C Standard doesn't define that behavior.

If it were defined, new problems would arise, one of which is listed below. C Standard is correct to keep it undefined, and provides a macro offsetof that handles the problem internally.

6.3.2.3 Pointers

  1. An integer constant expression with the value 0, or such an expression cast to type void *, is called a null pointer constant. 66) If a null pointer constant is converted to a pointer type, the resulting pointer, called a null pointer, is guaranteed to compare unequal to a pointer to any object or function.

This means that an integer constant expression with the value 0 is converted to a null pointer constant.

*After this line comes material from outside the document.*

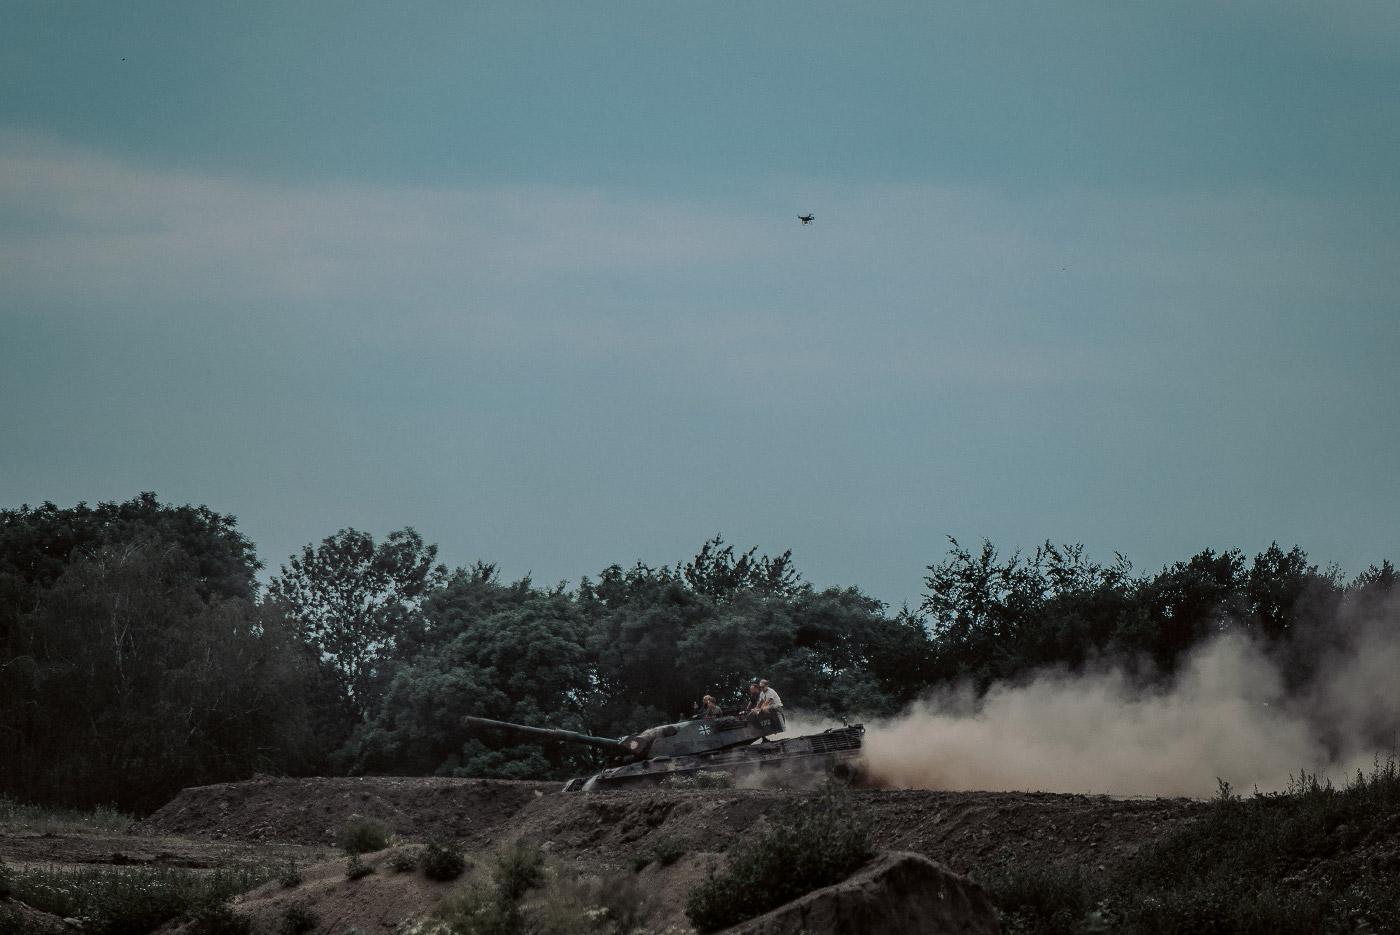 Panzertreffen 2018, Leopard 1 in Fahrt

But the value of a null pointer constant is not defined as 0. The value is implementation defined.

7.19 Common definitions

  1. The macros are NULL which expands to an implementation-defined null pointer constant

This means C allows an implementation where the null pointer will have a value where all bits are set and using member access on that value will result in an overflow which is undefined behavior

Another problem is how do you evaluate &(*E).m? Do the brackets apply and is * evaluated first. Keeping it undefined solves this problem.

0
supercat On

Nothing in the C standard would impose any requirements on what a system could do with the expression. It would, when the standard was written, have been perfectly reasonable for it to to cause the following sequence of events at runtime:

  1. Code loads a null pointer into the addressing unit
  2. Code asks the addressing unit to add the offset of field b.
  3. The addressing unit trigger a trap when attempting to add an integer to a null pointer (which should for robustness be a run-time trap, even though many systems don't catch it)
  4. The system starts executing essentially random code after being dispatched through a trap vector that was never set because code to set it would have wasted been a waste of memory, as addressing traps shouldn't occur.

The very essence of what Undefined Behavior meant at the time.

Note that most of the compilers that have appeared since the early days of C would regard the address of a member of an object located at a constant address as being a compile-time constant, but I don't think such behavior was mandated then, nor has anything been added to the standard which would mandate that compile-time address calculations involving null pointers be defined in cases where run-time calculations would not.